Avoid making vague comments like ‘the unit was good’, or ‘the seminar was rubbish’. This doesn’t tell the person reading your comments what makes you think this. Instead, explain what you felt was positive or negative. For example you might say:
‘I found the workshops really interesting, but the set reading was very challenging and it would have been good to discuss it more in class.’
Try to avoid comments that are unrealistic, like ‘the assessment should be scrapped’. Assessments are an essential way of measuring what you have learned, and helping you to improve your work in the future.
Instead, explain why you think there were problems with the assessment. For example you might say:
‘The brief wasn’t very clear so I wasted time at the beginning trying to work out what I needed to do.’
Focus on the issue, not the person
Avoid writing anything offensive or personal – your course leader will personally read the comments that you leave so think about how you would feel if you received negative feedback.
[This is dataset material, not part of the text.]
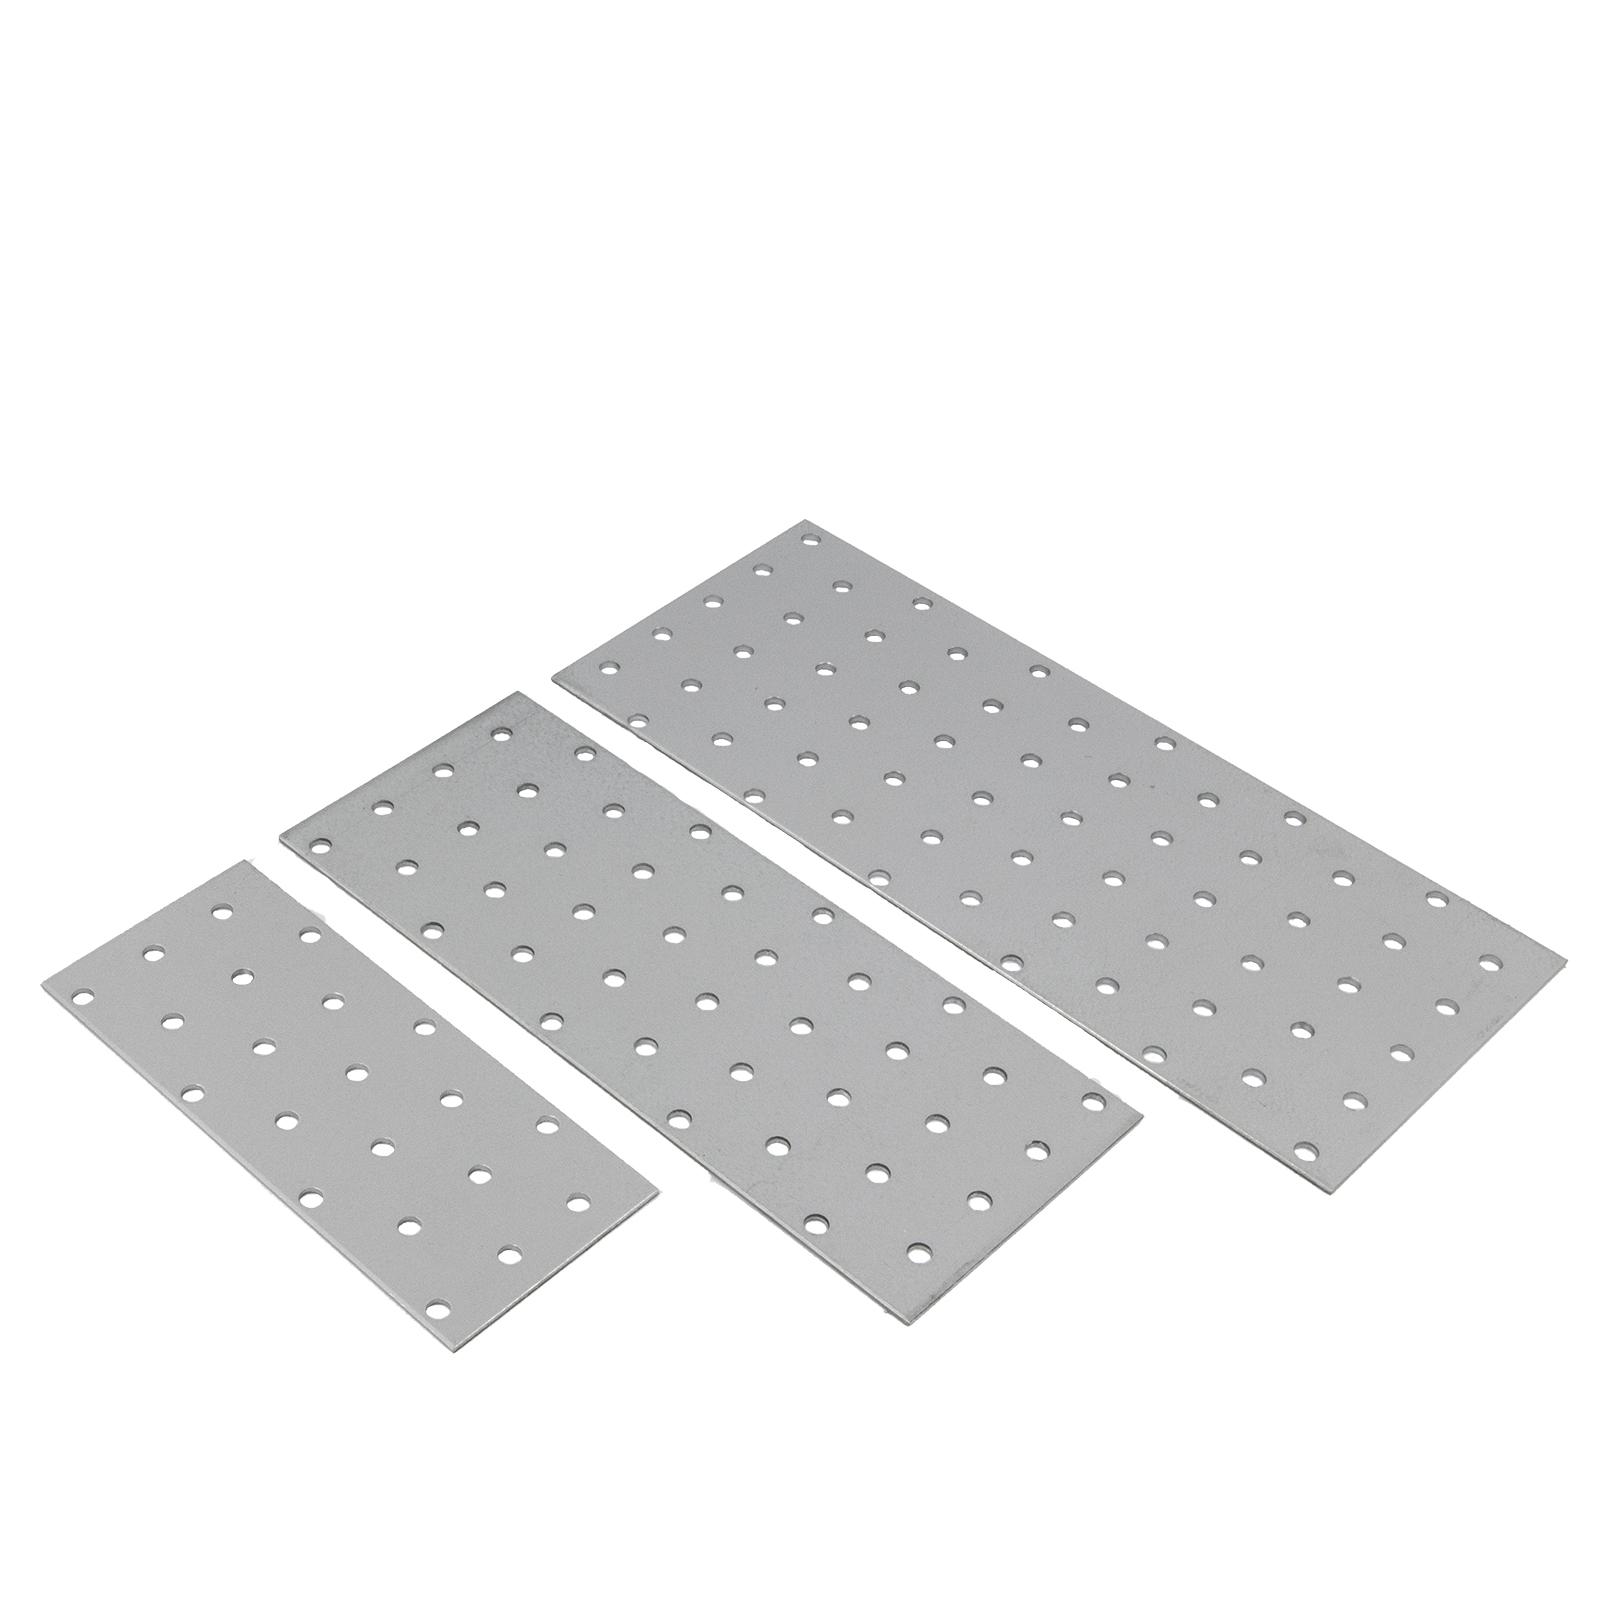 Platteverbinders
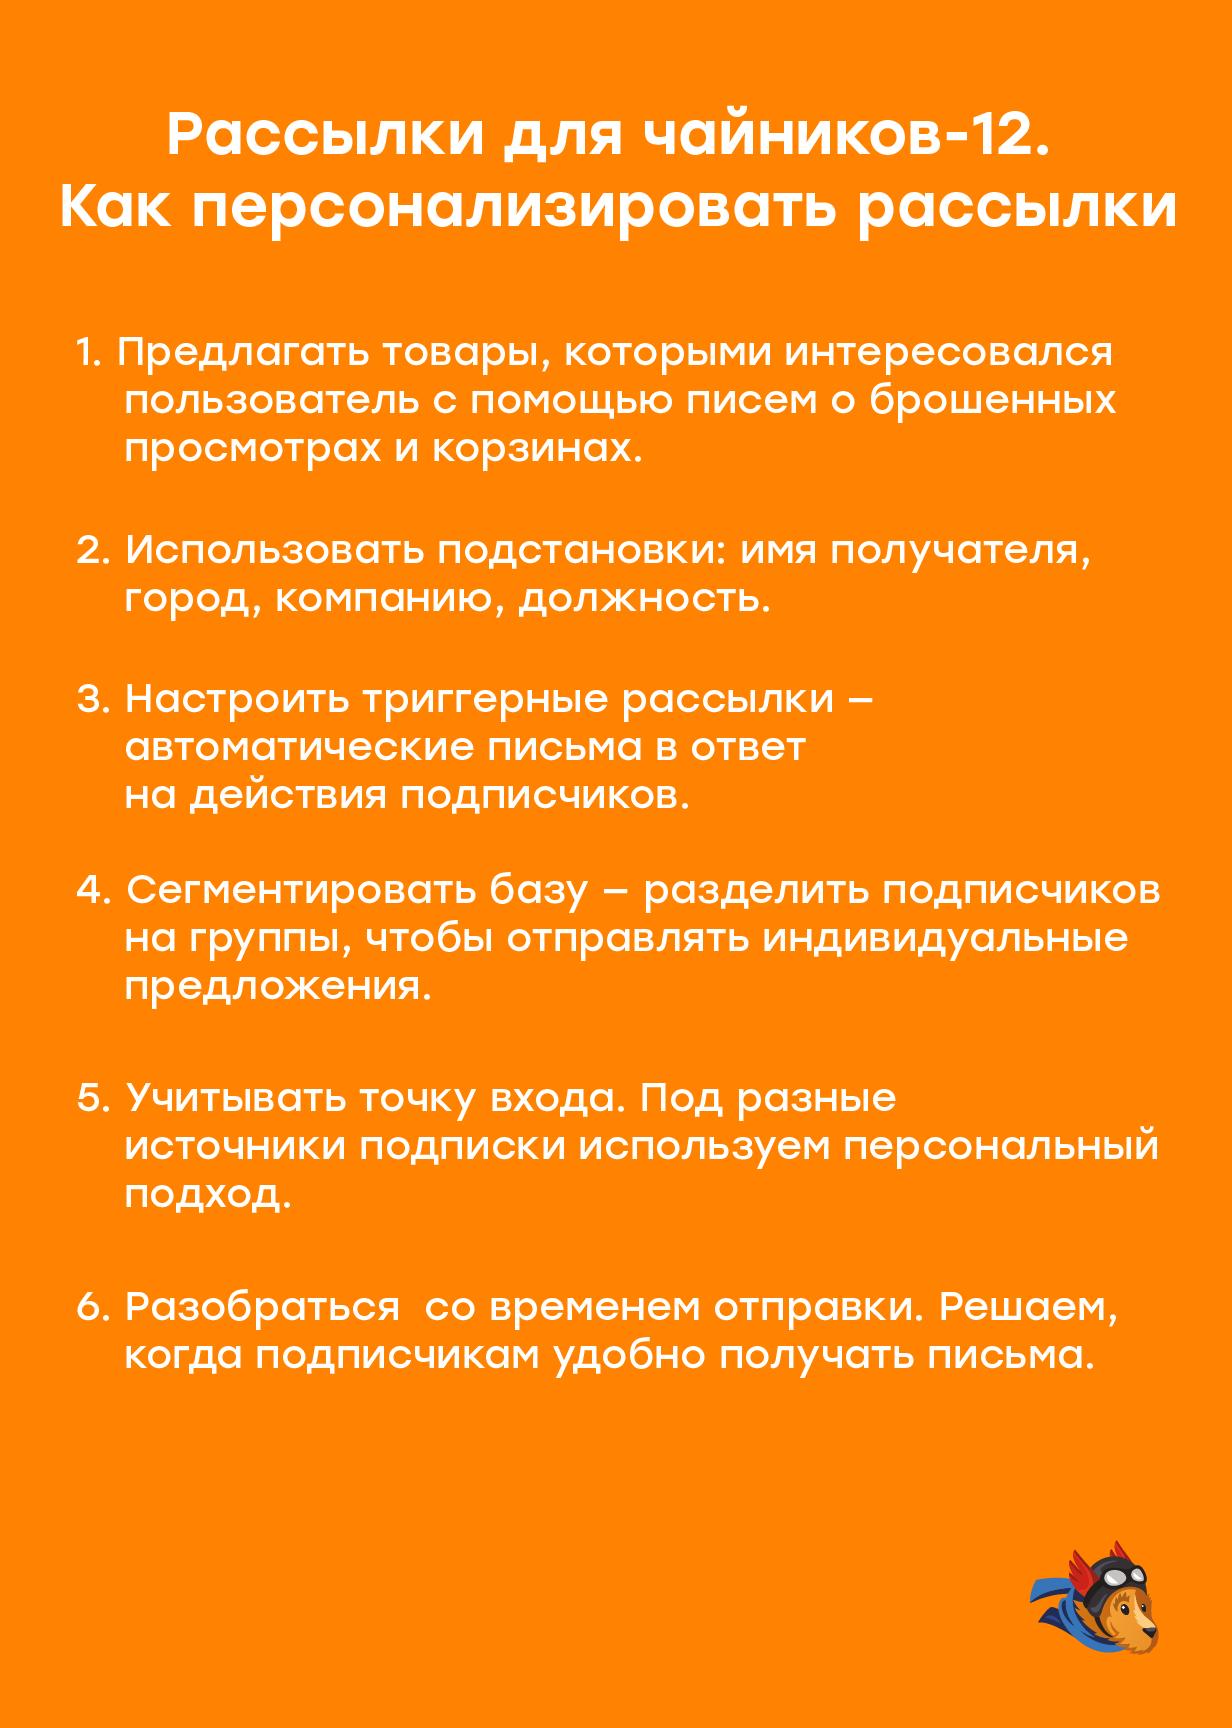 РДЧ-12

Please be as respectful and as constructive as you can.
Instead, give details about any problems in order to help your course team understand. For example, you might say:
‘The photography session was difficult to follow as there were so many different techniques to grasp in such a short time.’
If you think something didn’t work, don’t just criticise, explain how you think it could be avoided or improved. This will help your course team to put your suggestions into practice. For example, you might say:
‘It would be helpful to have the hand-outs for the lectures in advance so that we could get an idea of the topic before the session.’